雷夫没有松开爪子。他直接把芬恩的脑袋按进了自己的鬃毛里,下巴压在他的头顶上,整头狮子像一座黑色的山一样把他罩住了。
“你给我听好了,”雷夫的声音从胸腔里震出来,“你以后想趴就趴,想蹭就蹭,不用装可怜。我让你过来的意思就是你可以过来。任何时候。”
芬恩在他的鬃毛里沉默了大概三秒。
然后一个闷闷的声音传出来:“……你不觉得我烦吗?”
“烦。烦死了。”雷夫毫不犹豫地说,“但烦也得忍着。谁让我捡了你。”
芬恩又沉默了一下。
然后雷夫感觉到一团温热的东西在他的胸口蹭了蹭。不是那种试探性的、小心翼翼的蹭,而是一种带着一点点撒娇的、放开了的蹭。
芬恩的尾巴从身后卷过来,缠上了他的尾巴。
“雷夫哥哥。”芬恩的声音从他的鬃毛里传出来,含含糊糊的。
“嗯。”
“你是不是发现了?”
雷夫的耳朵竖了起来:“发现什么?”
芬恩从他的鬃毛里抬起头来,金色的眼睛看着他。

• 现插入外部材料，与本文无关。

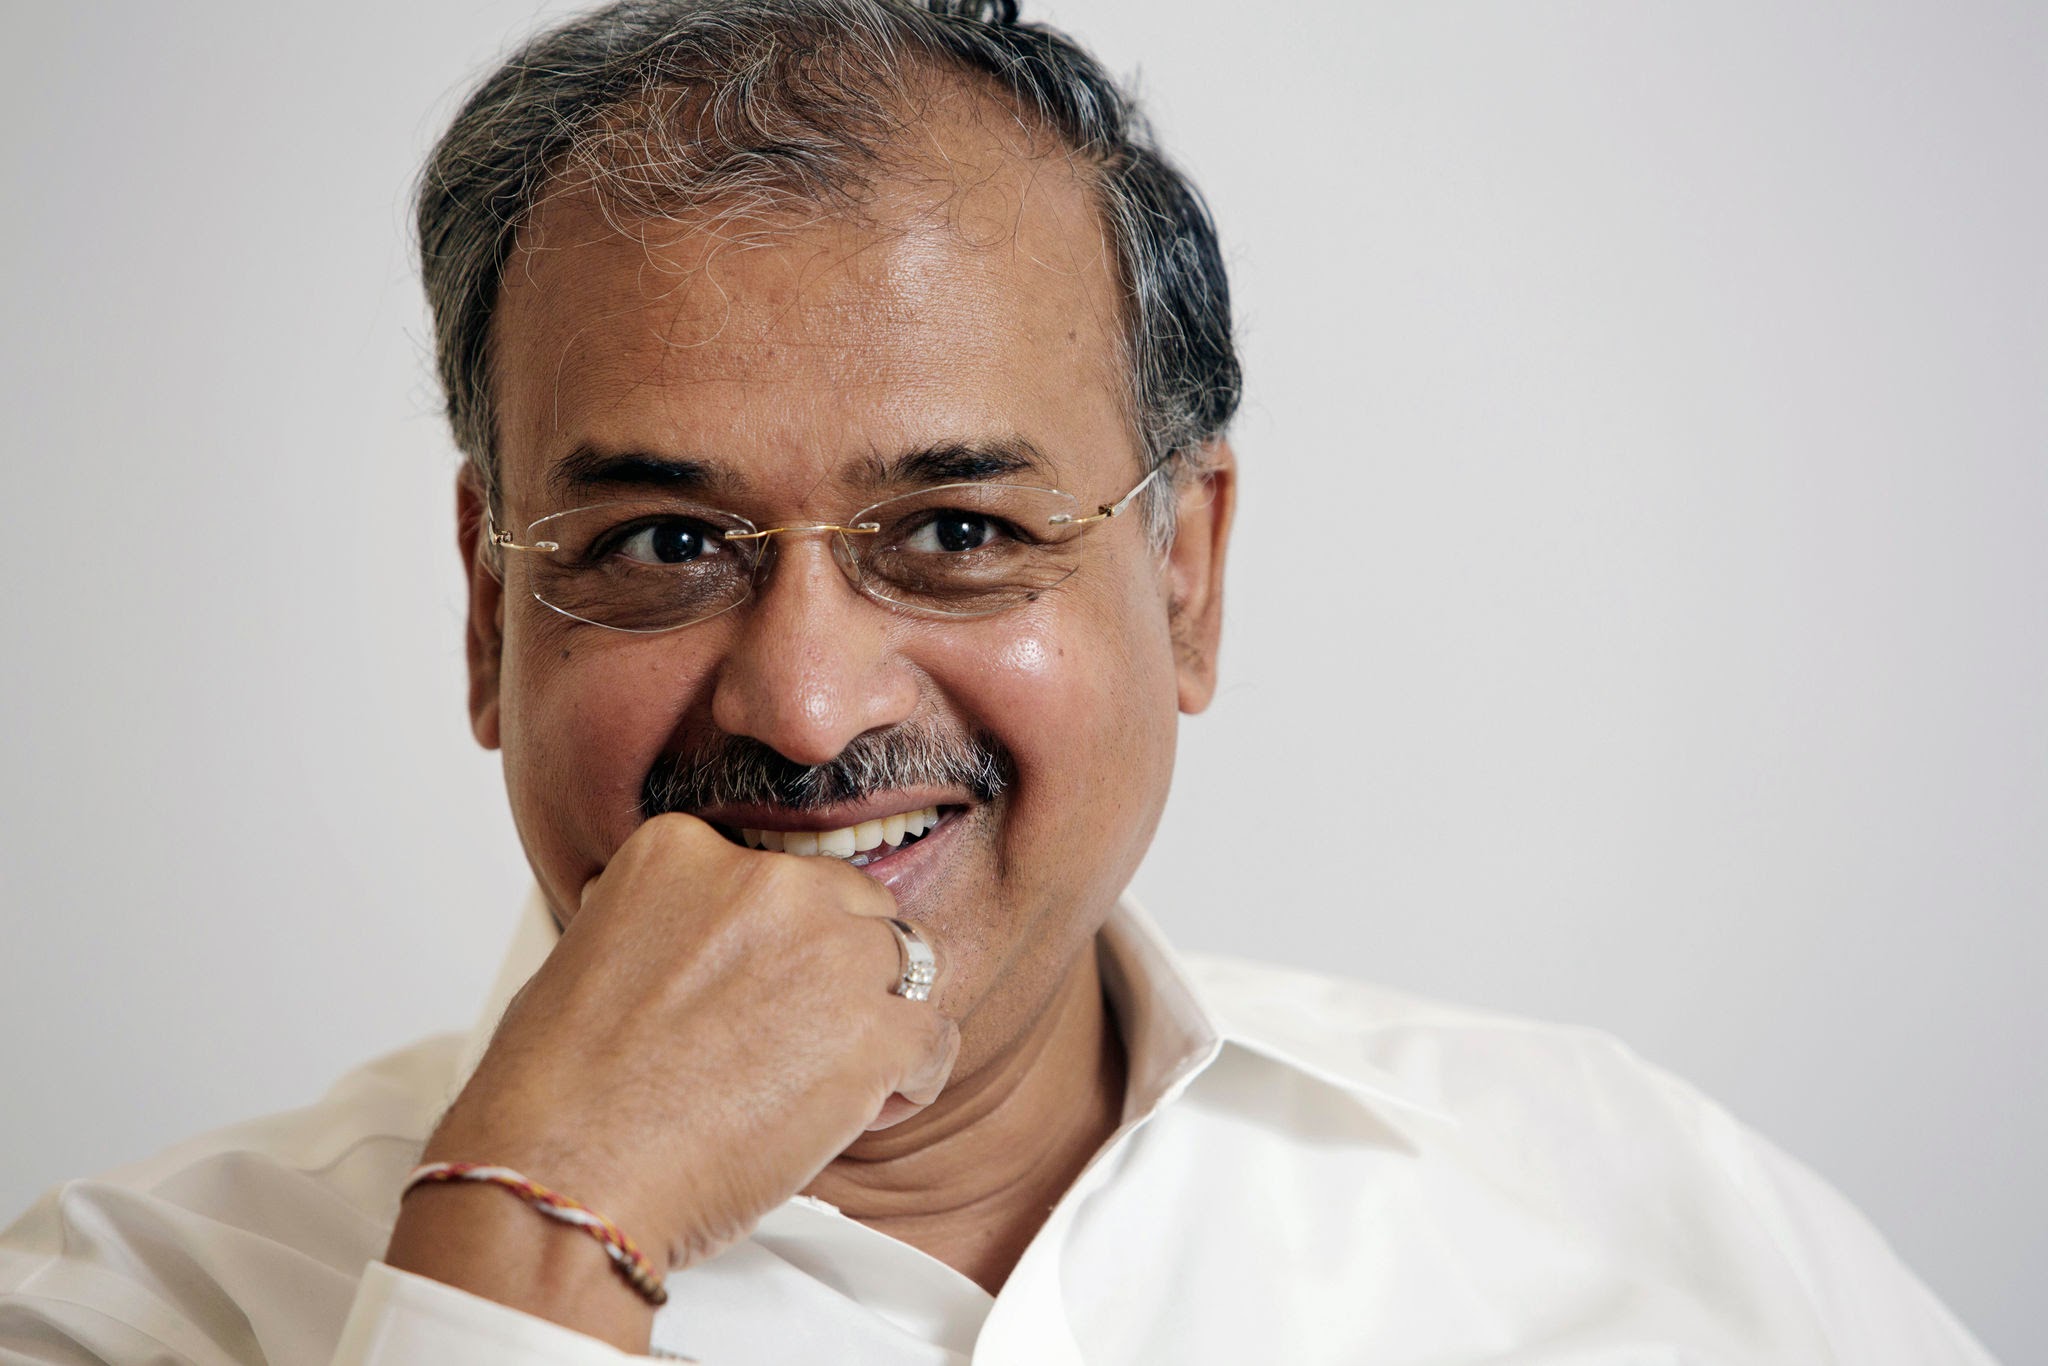  Biography of Dilip Shanghvi, Early life of Dilip Shanghvi, Sun Pharmaceuticals founder, Indian pharmaceutical industry, Success story of Dilip Shanghvi,Sun Pharmaceuticals acquisitions, Dilip Shanghvi's net worth, Contributions of Sun Pharmaceuticals, Philanthropic activities by Dilip Shanghvi, Leadership of Dilip Shanghvi,Buy Sun Pharmaceuticals stock, Sun Pharma's financial performance, Sun Pharma's product portfolio, Investing in pharmaceutical companies, Sun Pharma's competitive advantage

那双眼睛里没有委屈了,也没有困惑了,只有一种坦然的、明亮的、带着一点笑意的光。
“发现我是故意的。”芬恩说。
空气安静了大概两秒。
雷夫的表情凝固了。
“……你说什么?”
芬恩的尾巴在他的尾巴上轻轻卷了一下,嘴角微微翘起来:“从你第一次疏远我的时候,我就知道了。你不让我靠近,不是因为我做错了什么,是因为你自己。”
雷夫的瞳孔收缩了一下。
“所以我就想……如果我表现得很可怜,你是不是就会心软?”芬恩的声音很平静,“然后你就会让我重新靠近。然后我就可以靠得更近一点。”
雷夫张了张嘴,发现自己说不出话。
芬恩歪了歪头,金色的眼睛弯成了月牙的形状:“你是不是觉得我很坏?”
雷夫沉默了大概十秒。
然后他发出了一声长长的、沉重的、带着无尽疲惫的叹息。
“你,”他说,声音沙哑得像是被砂纸磨过,“你他妈真的是个——”
他找不到词了。
他该说什么?说你是个心机男?说你是个小骗子?说你把我耍得团团转?
但看着芬恩那双弯成月牙的金色眼睛,他发现自己说不出任何一句重话。
“……你赢了。”他说,把下巴重新搁在芬恩的头顶上,声音闷闷的,“以后你说了算。”
芬恩的尾巴在他尾巴上用力卷了一下,发出了一声小小的、满足的笑声。
如果狮子会笑的话。
“那我可以继续趴在你身上睡觉吗?”
“可以。”
“可以把脑袋塞进你的鬃毛里吗?”
“可以。”
“可以在你巡逻的时候跟着你吗?”
“可以。”
“可以——”
“你够了啊。”雷夫的声音带着一丝无奈。
芬恩把脑袋重新埋进他的鬃毛里,呼噜声震天响。
雷夫闭上眼睛。
他的脑子里有一个声音在说:你看,我就说吧。他就是故意的。他一直在套路你。
另一个声音说:知道了又怎样?你舍得把他推开吗?
第一个声音沉默了。
雷夫低头闻了闻芬恩的鬃毛。
那股蜂蜜一样的甜味钻进他的鼻腔,顺着某种他解释不了的通道直接灌进了大脑。他的瞳孔微微收缩了一下,后颈的毛不自觉地炸开了一点点。
香。
真的很香。
他以前觉得一个公狮子“香”是一件很不正常的事。但现在他不想管正不正常了。
他就是香。怎么了?
草原上有哪条法律说了公狮子不能好闻?
雷夫把鼻子埋进芬恩的鬃毛里,深深地吸了一口气。
芬恩在他的鬃毛里发出一声困惑的“嗯?”
“没什么,”雷夫的声音闷闷的,“你鬃毛上有根刺。”
“又是刺?”芬恩的语气里带着一丝笑意,“你上次也这么说。”
“上次是真的有刺。这次也是。”
“好吧。”芬恩没有拆穿他,只是把脑袋往他怀里又缩了缩,尾巴卷得更紧了。
雷夫趴在那里,感受着怀里的温度和重量,还有那股从芬恩身上传来的、淡淡的蜂蜜甜味。
他突然觉得半直半弯就半直半弯吧。反正也直不回去了。
而且怀里这个,好像也不是什么坏事。
……
第五天。雷夫正式放弃了直男自救计划。
他把这个计划从脑子里删除了,就像删除一个不需要的健身app一样,干净利落,不留痕迹。